3.1 Load the Area of Interest (AOI) from a Shapefile

We define our study area by loading a vector shapefile representing field boundaries.

# This identifies the directory where your notebook is located
base_path = Path.cwd()

# Construct the path to the shapefile
shp_path = base_path / "data" / "MNI_2017.shp"

# Load shapefile
gdf = gpd.read_file(shp_path)

# Ensure WGS84 (required for STAC search)
if gdf.crs != "EPSG:4326":
    gdf = gdf.to_crs("EPSG:4326")

# Use the first geometry as AOI
aoi_geom = mapping(gdf.geometry.iloc[0])

3.2 Connect to Planetary Computer STAC - Storage with preprocessed Sentinel-1 and Sentinel-2 data

We access the STAC (SpatioTemporal Asset Catalog) to retrieve preprocessed satellite imagery. Note: Direct Sentinel-1 retrieval via the stackstac library currently faces issues with missing Coordinate Reference System (CRS) metadata in certain STAC items.

catalog = Client.open(
    "https://planetarycomputer.microsoft.com/api/stac/v1",
    modifier=pc.sign_inplace,
)

3.3.1 Sentinel-1 GRD (Sigma⁰, Terrain-Corrected) - Problem: no crs within the stac catalog - not working right now but maybe in the future

# Search stac catalog
s1_search = catalog.search(
    collections=["sentinel-1-grd"],
    datetime="2017-03-01/2017-06-30",
    intersects=aoi_geom,
    query={
        "sar:instrument_mode": {"eq": "IW"},
    },
    max_items=100,  # IMPORTANT: avoids backend overload
)

s1_items = list(s1_search.get_items())

s1 = stackstac.stack(
    s1_items,
    assets=["vv"],
    epsg=32632,          
    resolution=10,
    bounds_latlon=gdf.total_bounds.tolist(),
    chunksize=2048,
)
/home/docs/checkouts/readthedocs.org/user_builds/sense-community-sar-scattering-model/envs/dev/lib/python3.10/site-packages/pystac_client/item_search.py:881: FutureWarning: get_items() is deprecated, use items() instead
  warnings.warn(

3.3.2 Load Sentinel-1 Backscatter and Metadata from Local Files

Since direct STAC stacking for S1 is currently limited, we load pre-clipped .npy datasets containing VV backscatter and incidence angle (θ) values.

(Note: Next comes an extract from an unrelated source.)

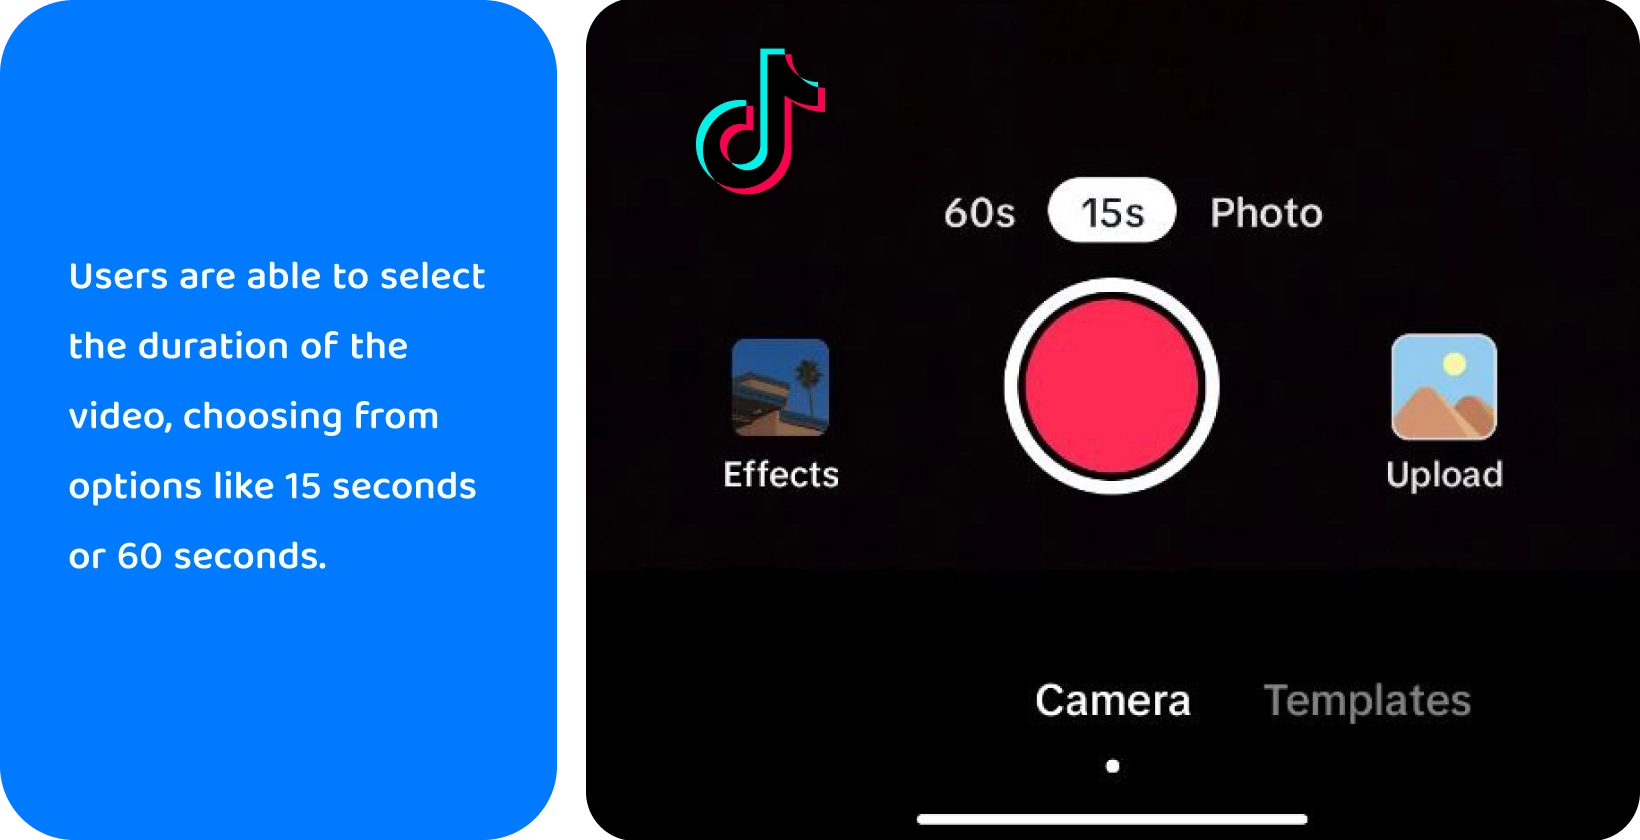 TikTok innspillingsgrensesnitt med alternativer for å legge til lyd, snu kamera, bruke filtre, bruke tidtaker og mer for kreativ videoproduksjon.

# 1. Extract metadata from the reference TIFF file to define spatial orientation
tif_ref = rioxarray.open_rasterio('data/clipped_reference.tif')

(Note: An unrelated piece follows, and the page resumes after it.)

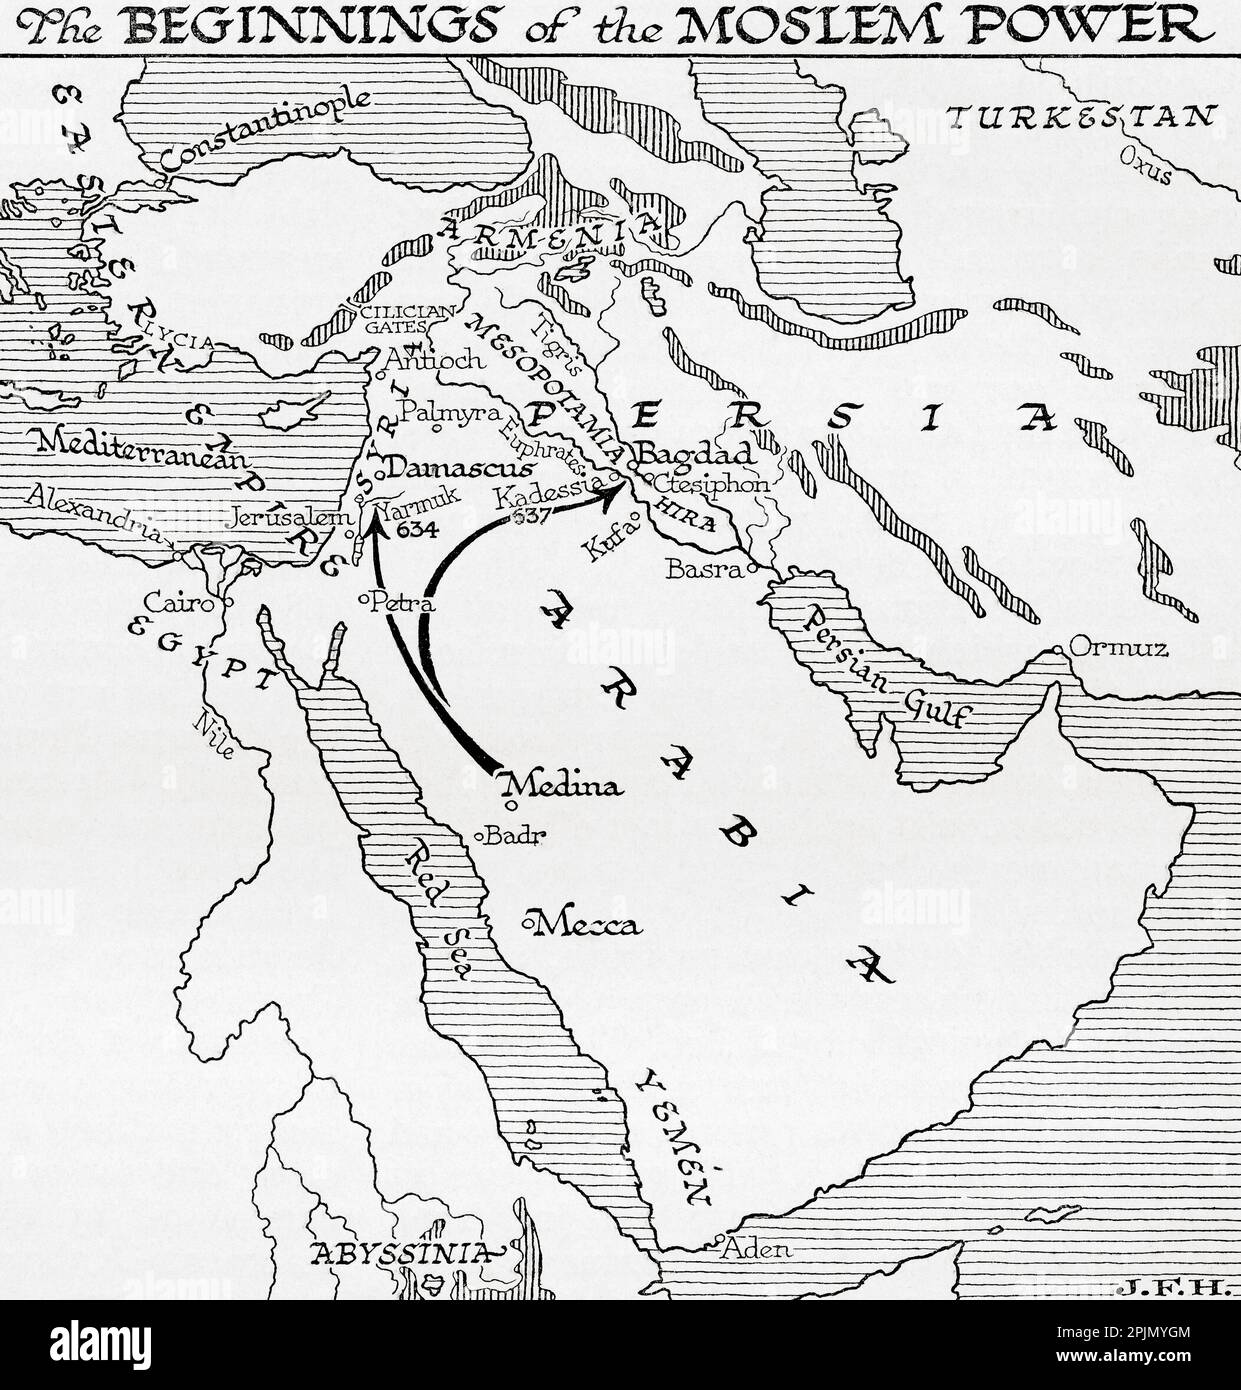 Carte montrant les débuts de la puissance musulmane, 7th siècle. Extrait du livre Outline of History de H.G. Puits, publié en 1920. Banque D'Images

# Retrieve the bounding box in the TIFF's native coordinates (e.g., UTM)
# and transform it to WGS84 (EPSG:4326) for standardized spatial queries
bbox_4326 = tif_ref.rio.transform_bounds(4326)
aoi_geom = box(*bbox_4326) # Create a Shapely polygon from the transformed bounds

# 2. Prepare the Sentinel-1 SAR backscatter data as an xarray DataArray
# Load time stamps and backscatter values from local numpy files
time_s1 = pd.to_datetime(np.load('data/clipped_time.npy', allow_pickle=True))
vv_data = np.load('data/clipped_backscatter.npy')

s1_xr = xr.DataArray(
    vv_data,
    coords={"time": time_s1, "y": tif_ref.y, "x": tif_ref.x},
    dims=["time", "y", "x"]
).rio.write_crs(tif_ref.rio.crs)

# 3. Load incidence angle data (theta)
# Expected shape is (Time, Y, X)
inc_data = np.load('data/clipped_theta.npy') 

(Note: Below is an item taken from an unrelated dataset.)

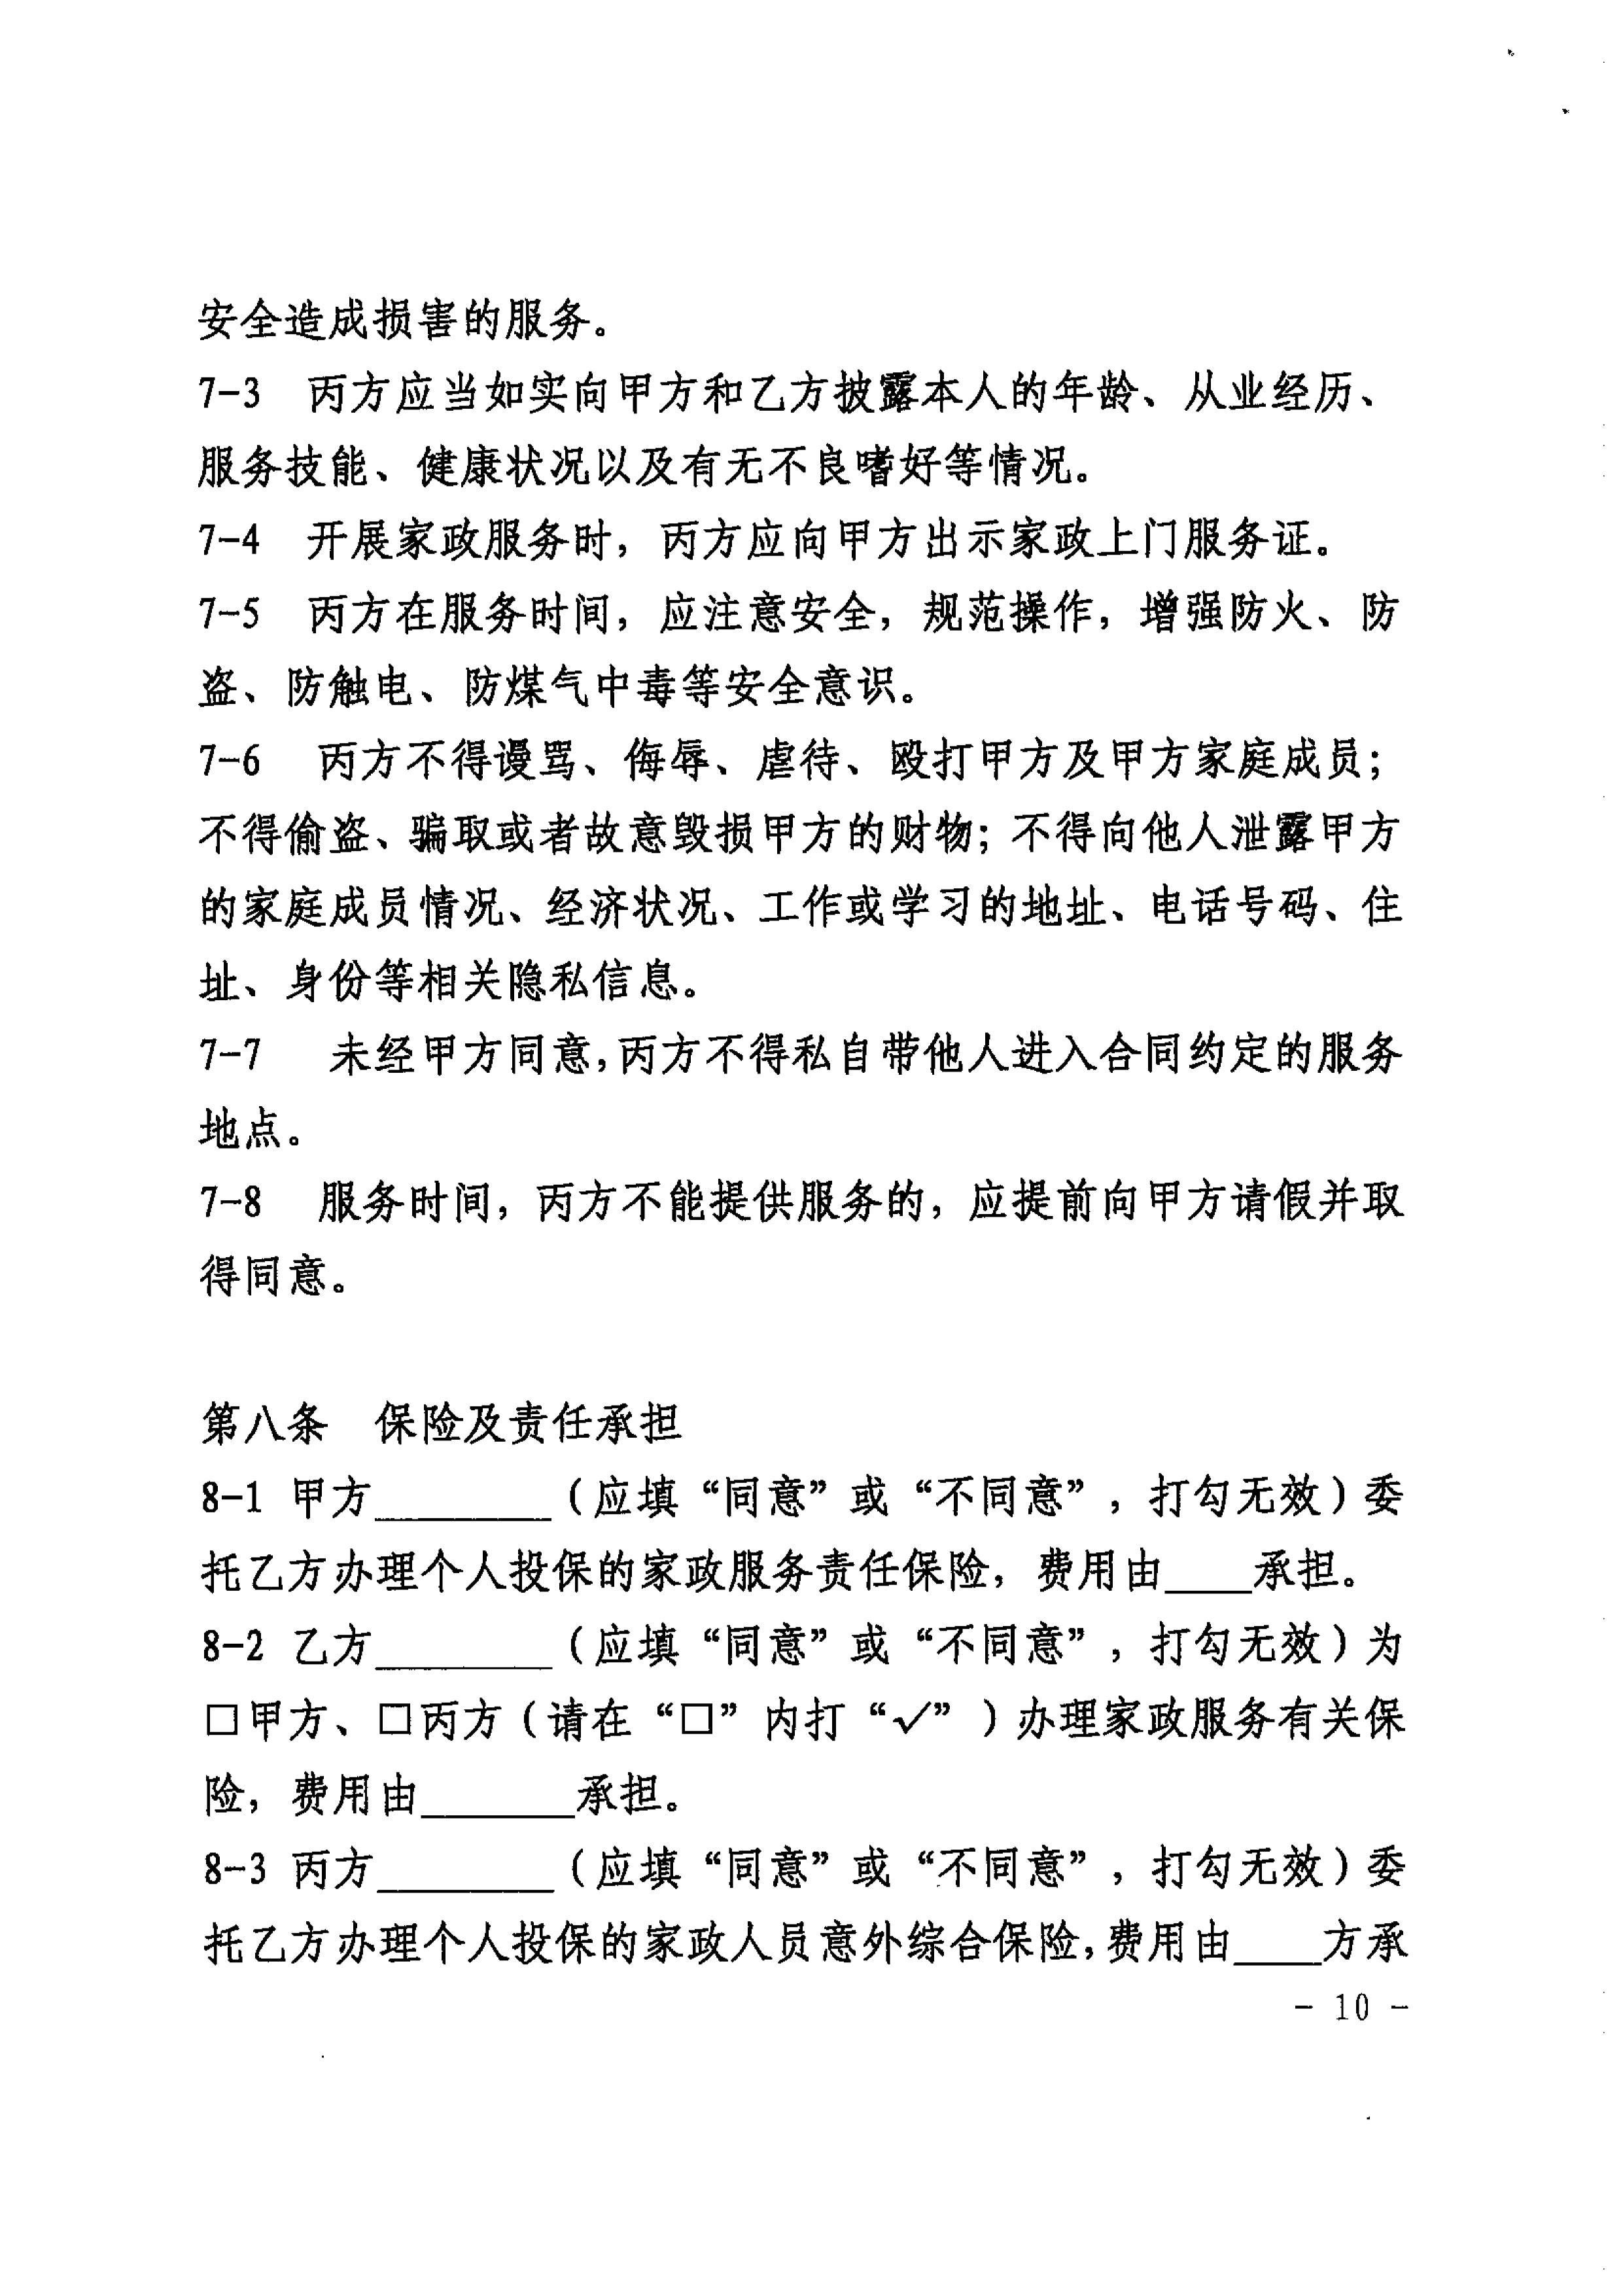 关于推广使用《上海市家政服务合同示范文本》的通知_10

# Convert to a DataArray using the spatial coordinates from the reference TIFF
inc_xr = xr.DataArray(
    inc_data,
    coords={"time": time_s1, "y": tif_ref.y, "x": tif_ref.x},
    dims=["time", "y", "x"]
).rio.write_crs(tif_ref.rio.crs)

3.5 Sentinel-2 Level-2A (Atmospherically Corrected)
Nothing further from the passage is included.